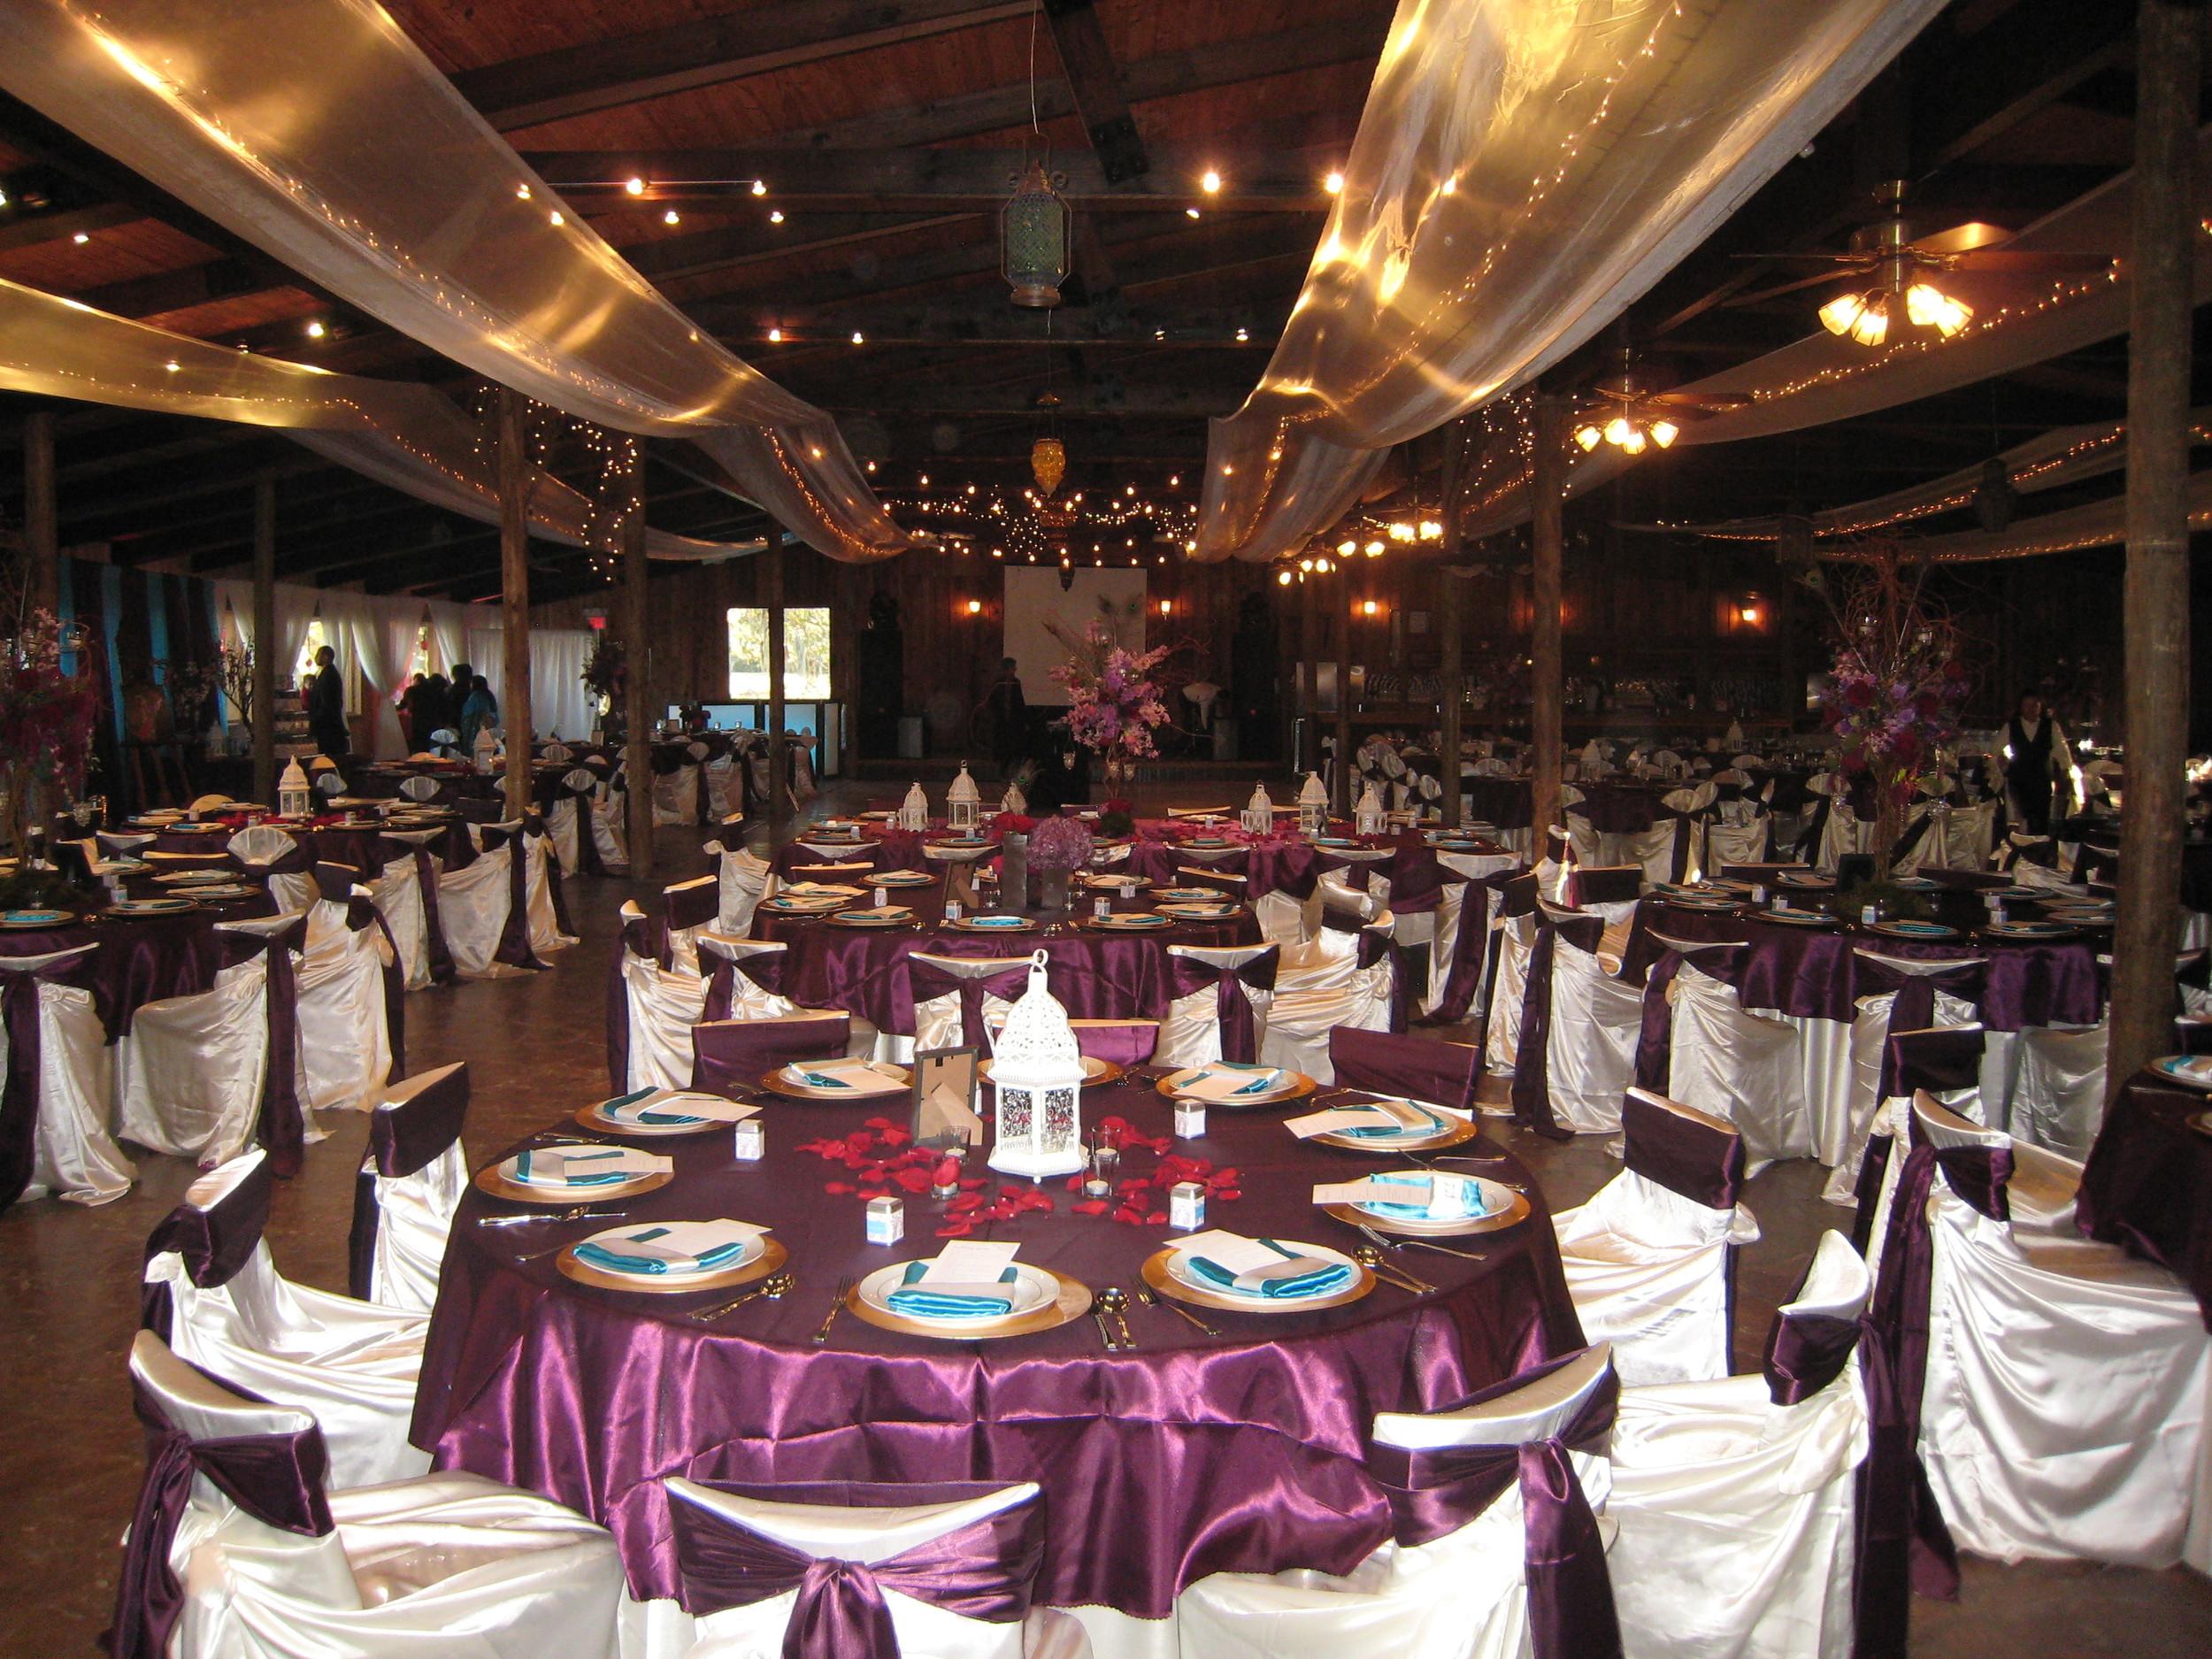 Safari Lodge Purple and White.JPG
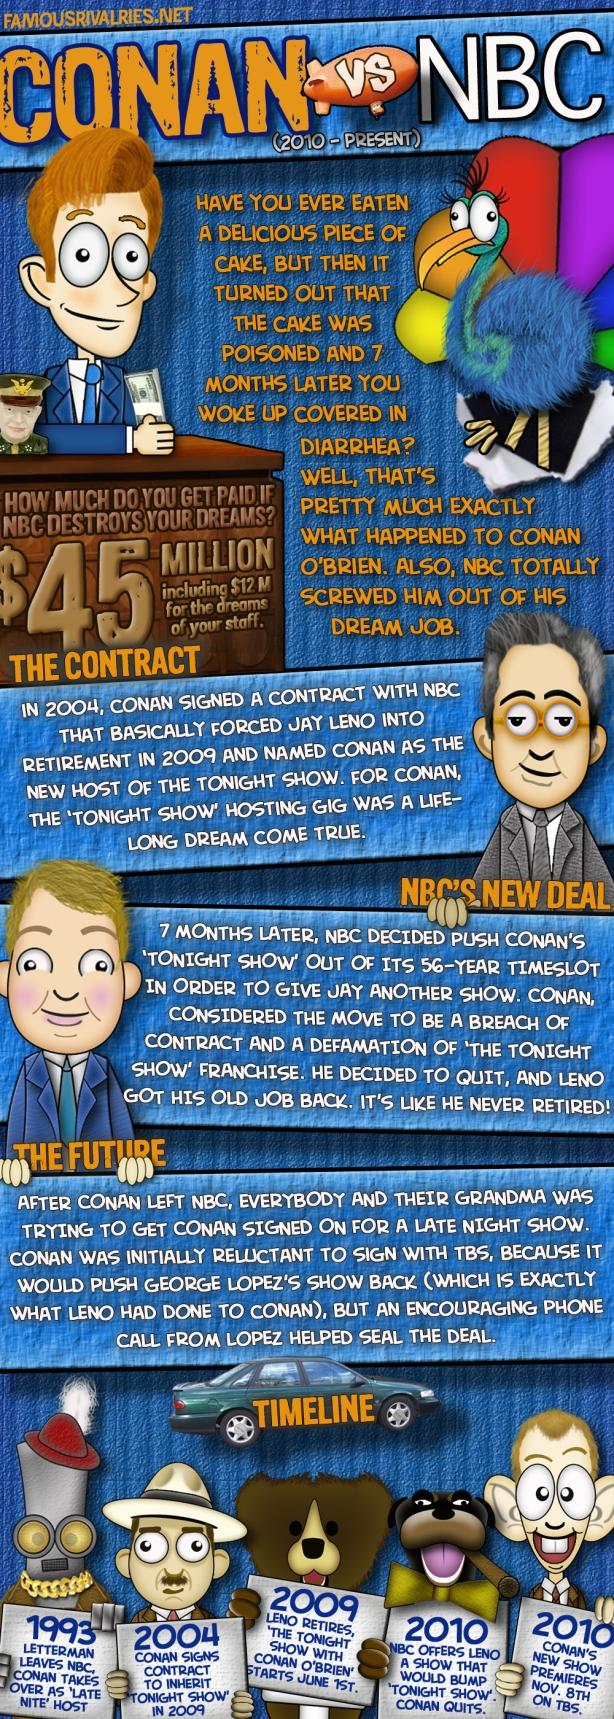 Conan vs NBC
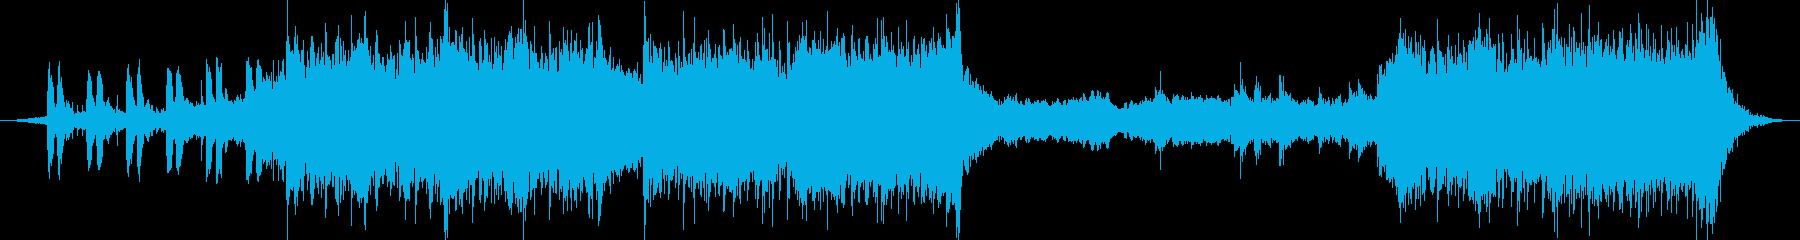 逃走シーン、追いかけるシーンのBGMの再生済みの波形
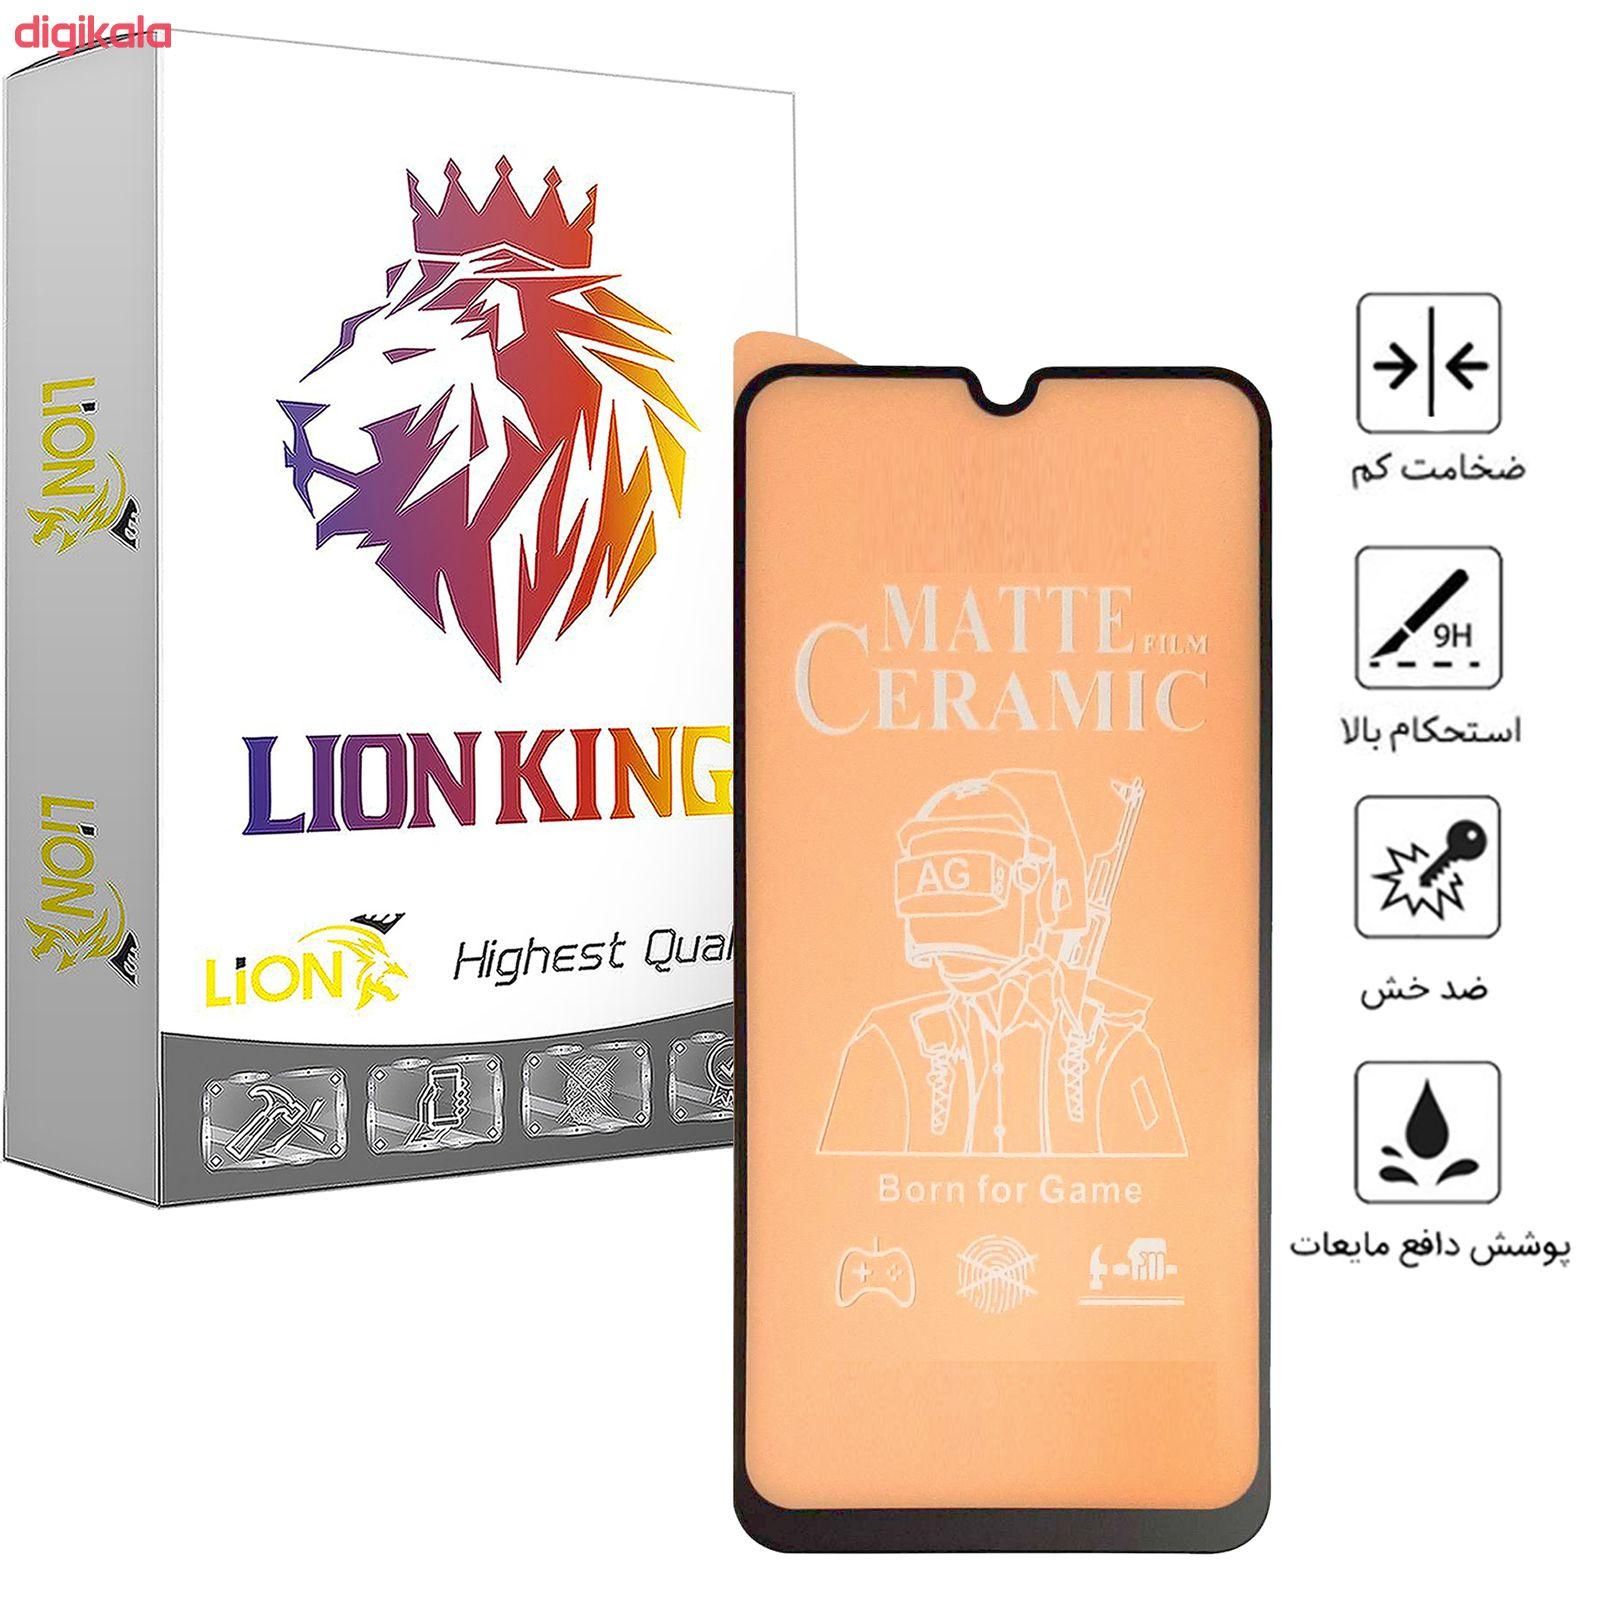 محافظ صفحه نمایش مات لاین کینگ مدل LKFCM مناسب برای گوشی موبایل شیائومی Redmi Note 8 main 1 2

WHAT YOU NEED TO DO: Would you retype all the lines shown above, exactly as written and without any picture?

FINISHED EXERCISE:
 Safari Lodge Purple and White.JPG
 Conan vs NBC
 逃走シーン、追いかけるシーンのBGMの再生済みの波形
 محافظ صفحه نمایش مات لاین کینگ مدل LKFCM مناسب برای گوشی موبایل شیائومی Redmi Note 8 main 1 2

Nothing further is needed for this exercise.